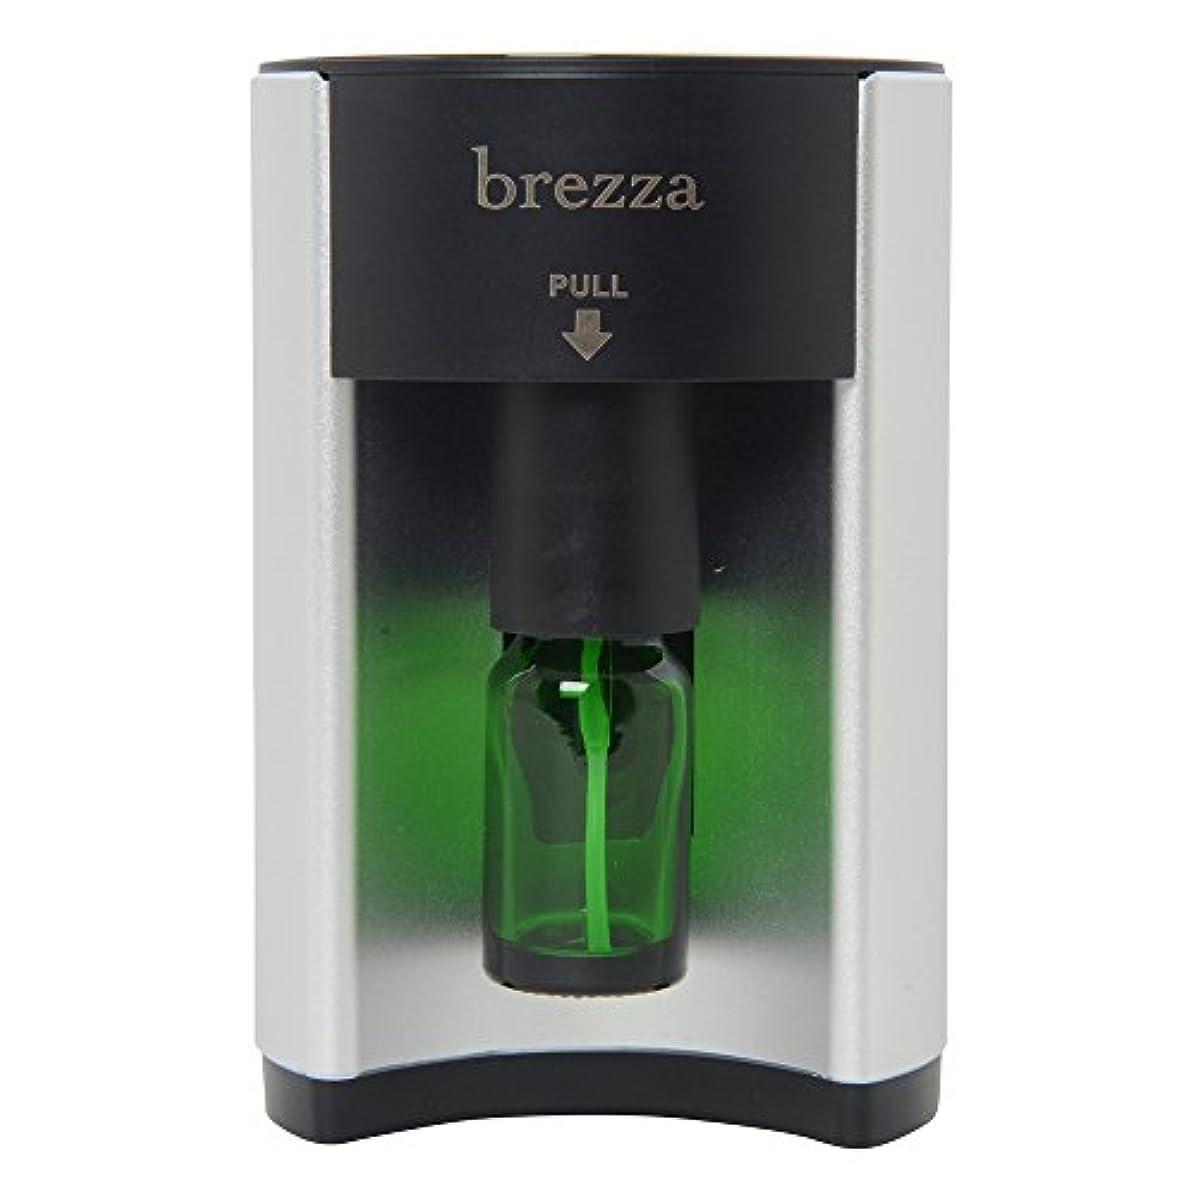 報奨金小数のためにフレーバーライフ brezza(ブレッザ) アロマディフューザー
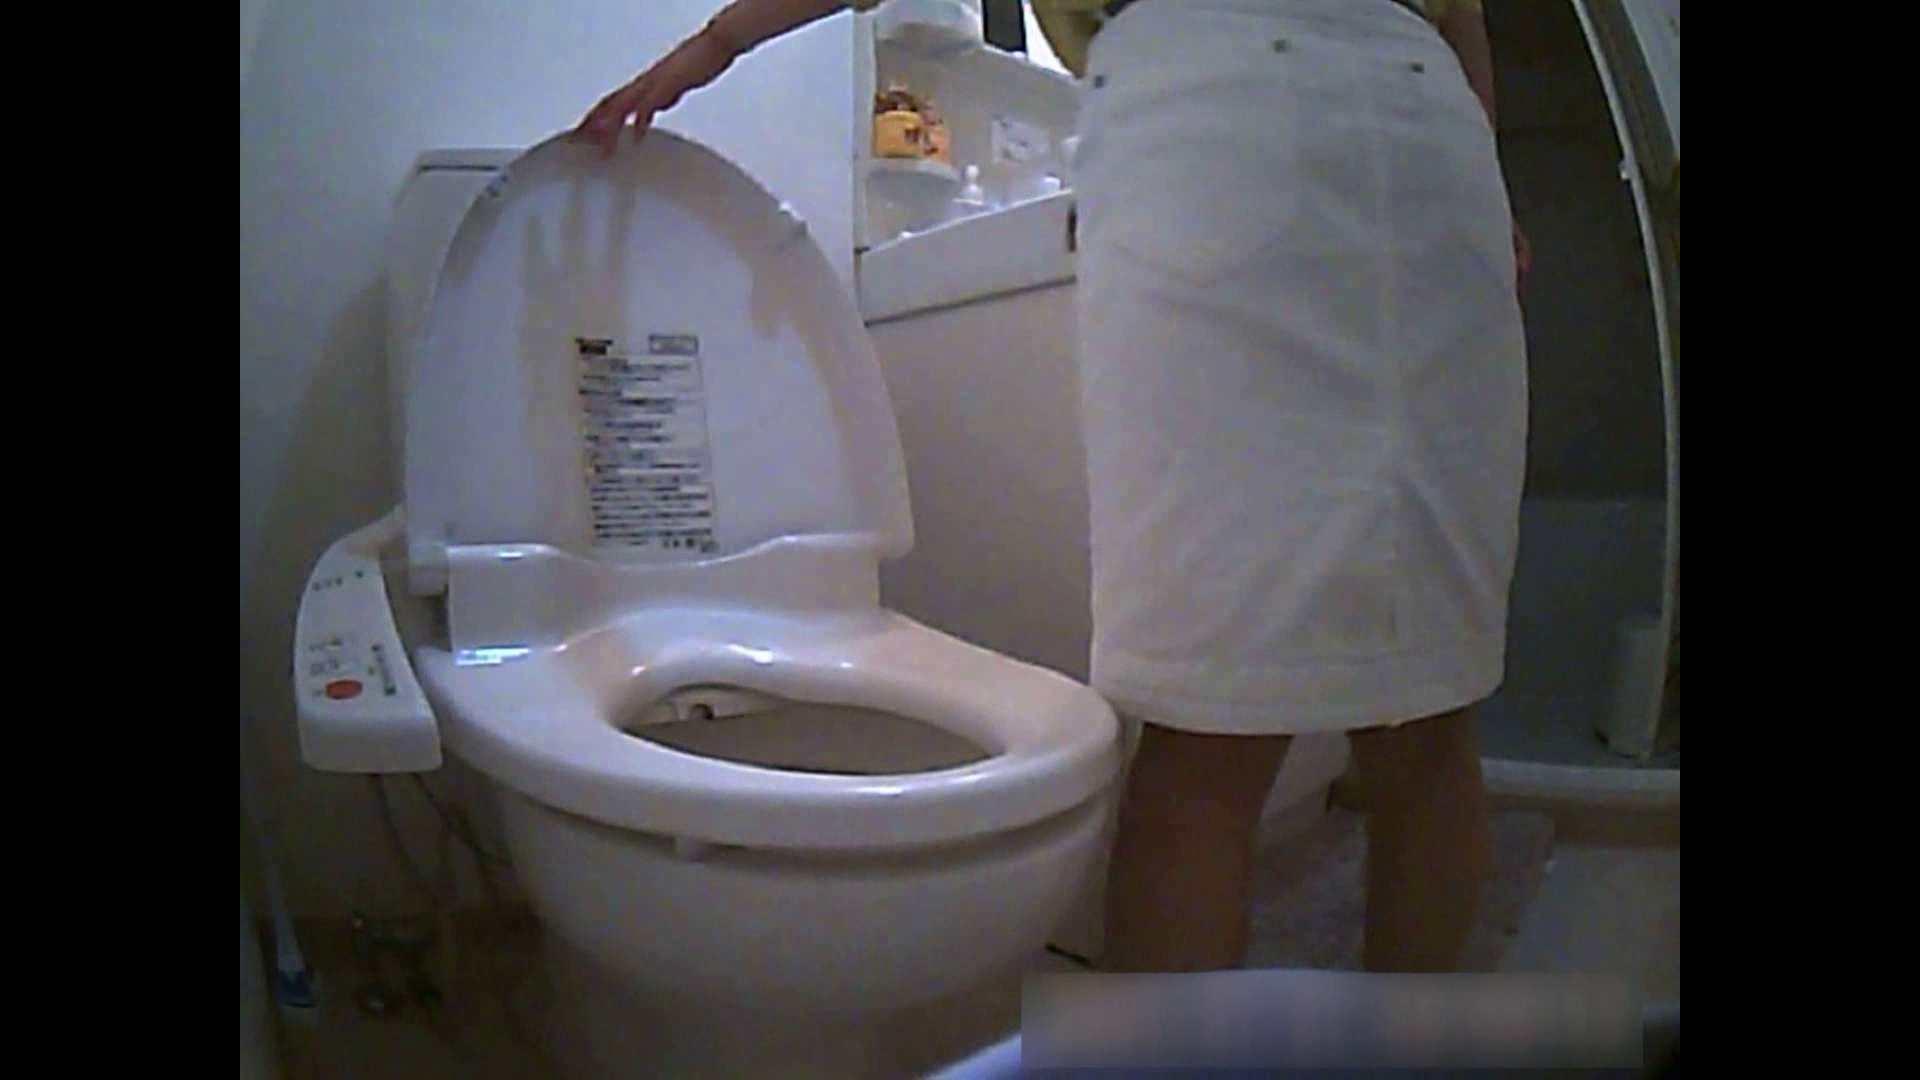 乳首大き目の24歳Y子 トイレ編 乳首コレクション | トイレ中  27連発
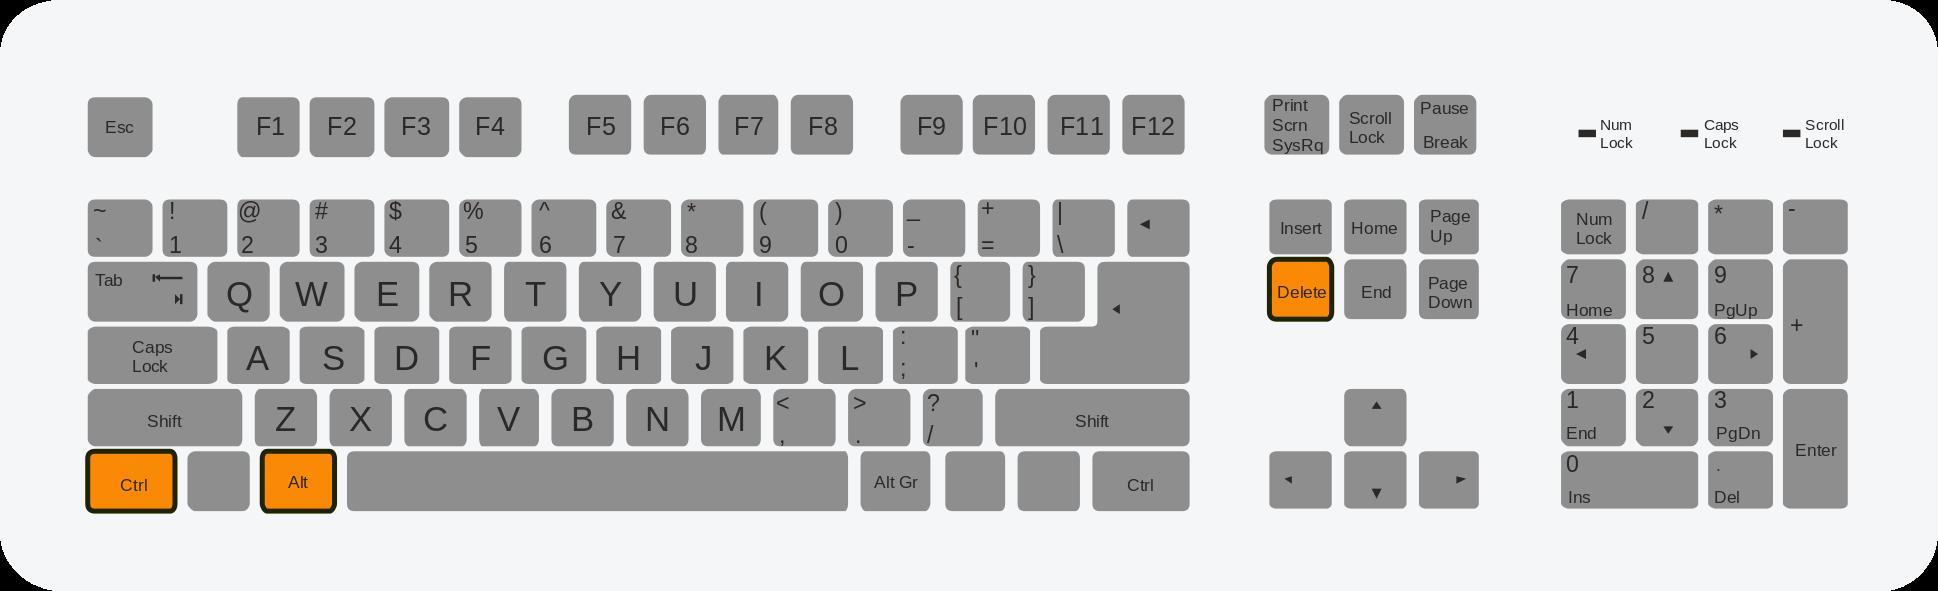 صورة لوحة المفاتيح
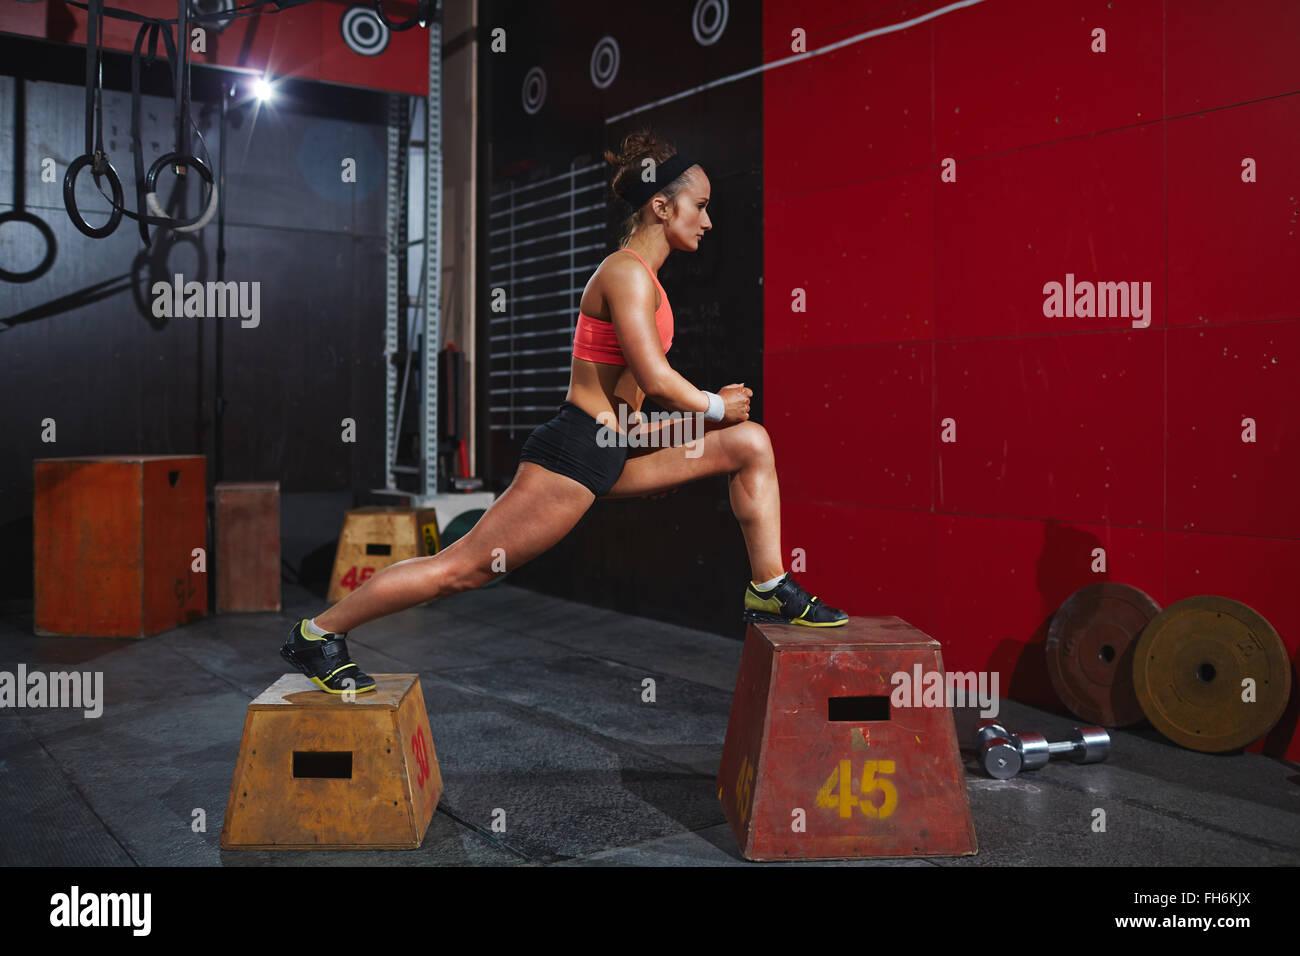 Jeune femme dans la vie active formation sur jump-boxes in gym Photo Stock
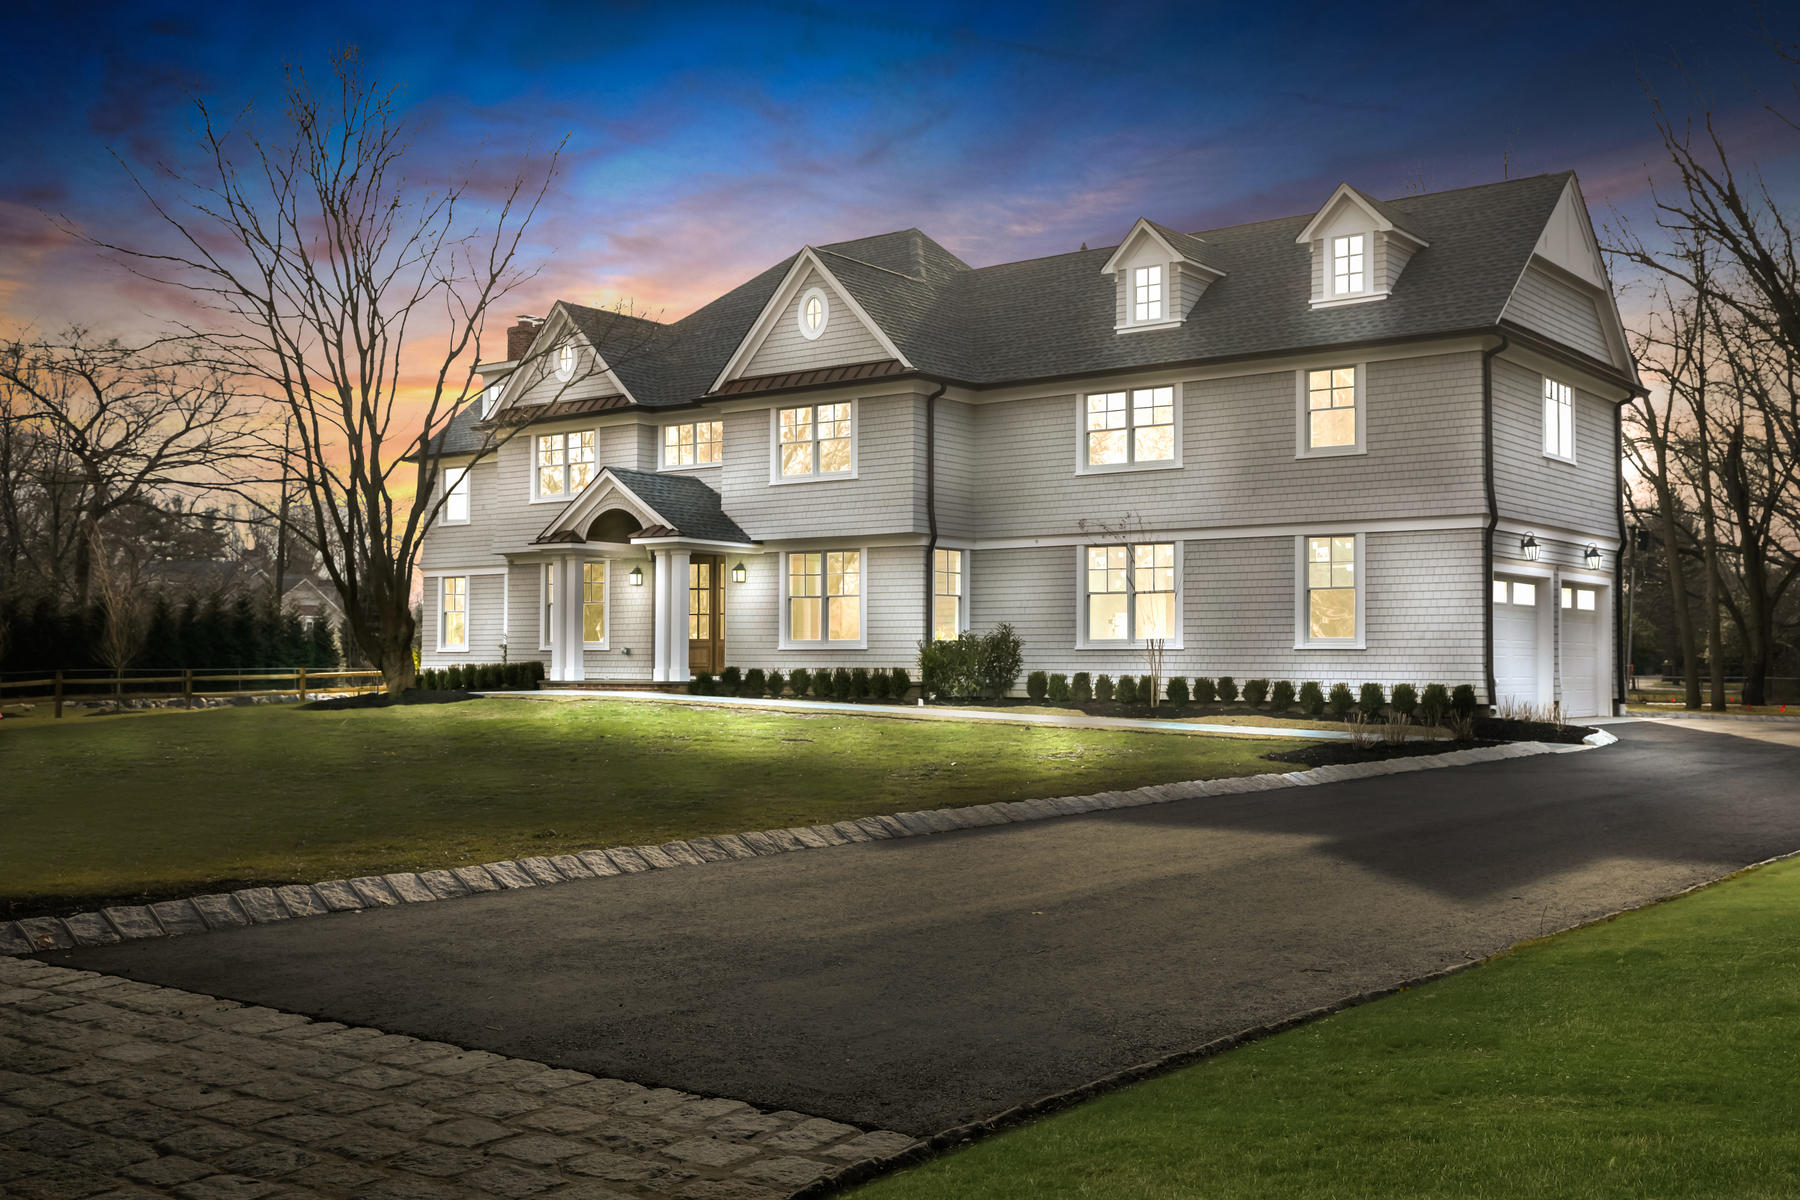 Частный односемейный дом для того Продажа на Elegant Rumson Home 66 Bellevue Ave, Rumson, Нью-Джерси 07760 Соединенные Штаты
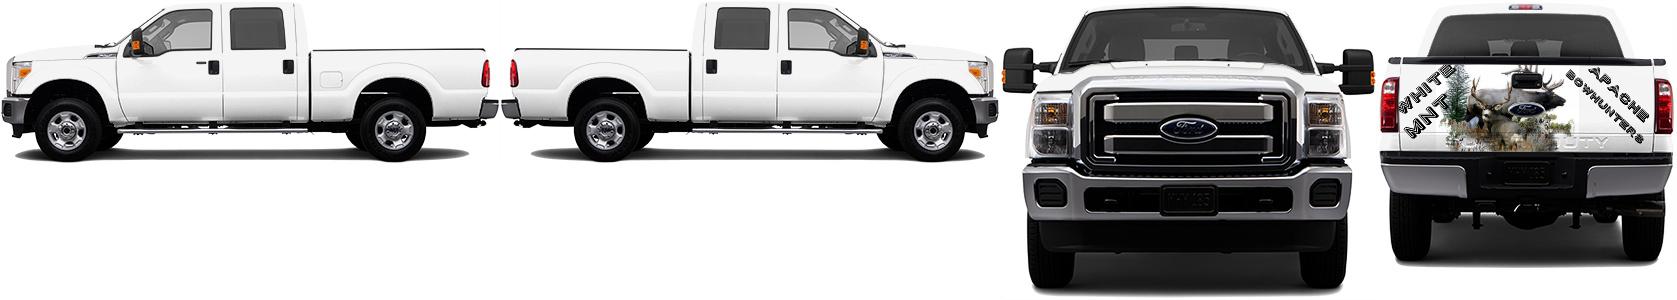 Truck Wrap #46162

::::

### Exercise goal:
Transcribe exactly the span of lines that opens with the line holding "Частный односемейный дом" and closes with the last line of the entries above. Omit pictures.

### Solution below:
 Частный односемейный дом для того Продажа на Elegant Rumson Home 66 Bellevue Ave, Rumson, Нью-Джерси 07760 Соединенные Штаты
 Truck Wrap #46162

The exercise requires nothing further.